Updating The Golden Profile
Update golden/repo-scoping-golden-profile.v1.json when the repository's real
product utility has changed. Examples:
- repo-scoping adds a genuinely new user-facing capability.
- a capability is renamed after curator agreement.
- a former out-of-scope behavior becomes product intent and has supporting implementation evidence.

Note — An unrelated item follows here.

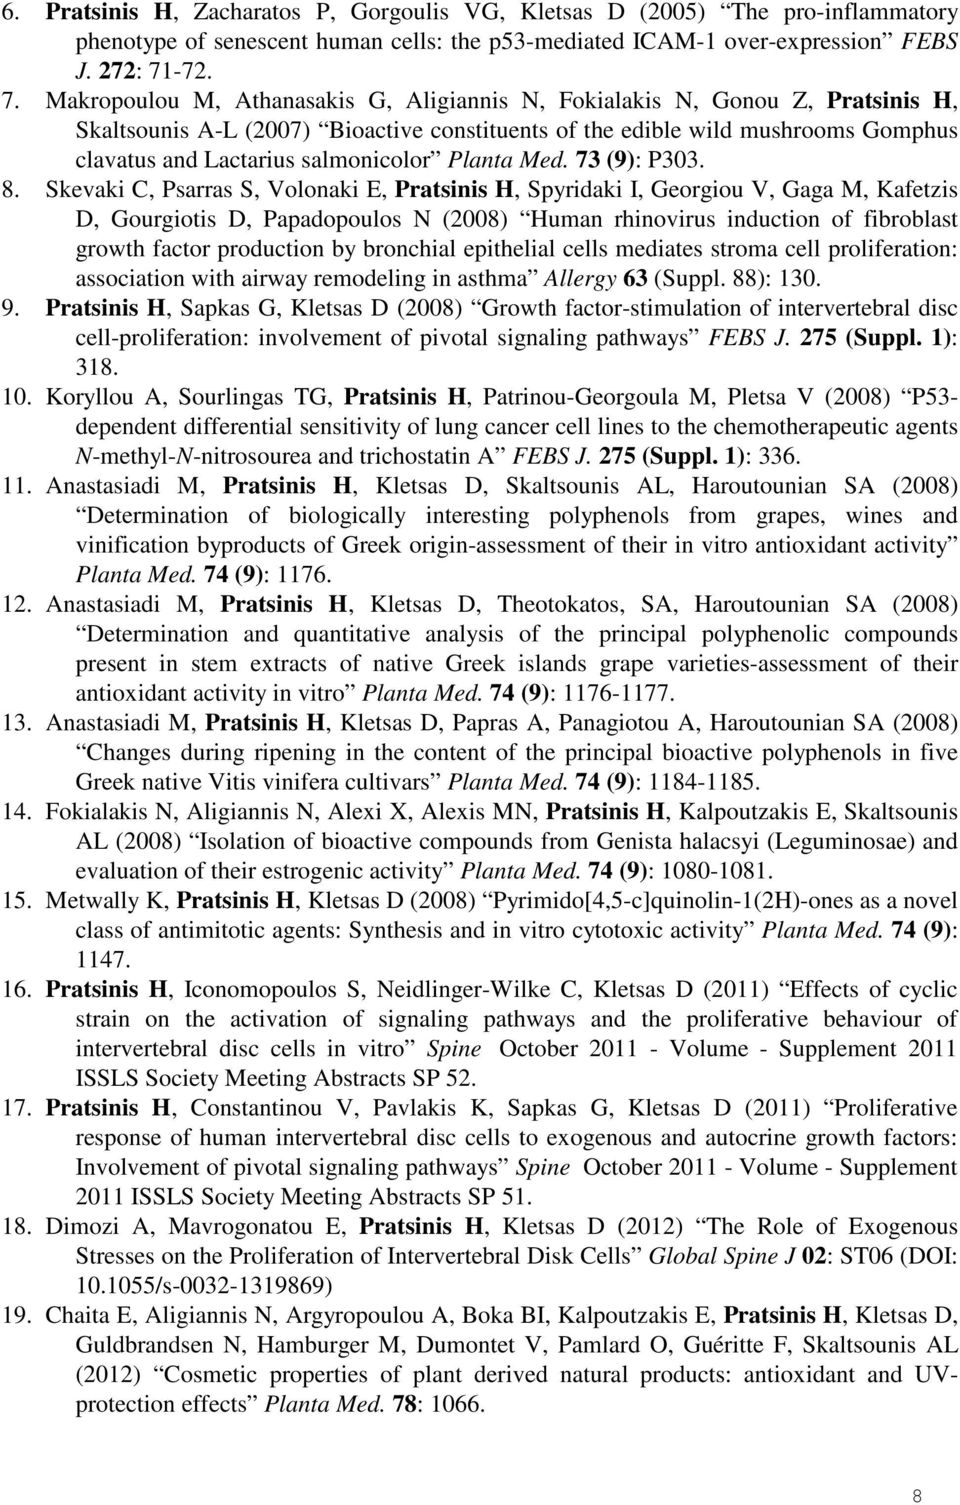 Makropoulou M, Athanasakis G, Aligiannis N, Fokialakis N, Gonou Z, Pratsinis H, Skaltsounis A-L (2007) Bioactive constituents of the edible wild mushrooms Gomphus clavatus and Lactarius salmonicolor

Do not update the golden profile just because the engine failed to find an expected capability. That is usually an engine issue.
Fixing The Engine
Fix the engine when a challenger:
- repeats a known regression pattern
- promotes dependency, fixture, schema, scanner-rule, or workplan vocabulary as native capability truth
- places features under a capability they do not support
- loses source refs or cites evidence that does not support the abstraction
- relies on generated
SCOPE.mdas primary proof for rebuilding the same model
The 2026-05-15 run 39 failure is the canonical example: provider vocabulary from
scanner code, tests, fixtures, and schema examples became the false native
capability Route LLM Requests Across Providers. The correct action is to fix
scanner/generator/acceptance behavior, not to teach the golden profile that
repo-scoping is an LLM router.
Relationship To Agentic Acceptance
Deterministic assessment can reject, downgrade, or flag output with transparent
criteria. It should not approve candidate characteristics as registry truth.
When automation stands in for human review, the decision belongs to an agentic
reviewer that inspects evidence, applies versioned criteria, and records a
rationale. That acceptance redesign is tracked in RREG-WP-0014.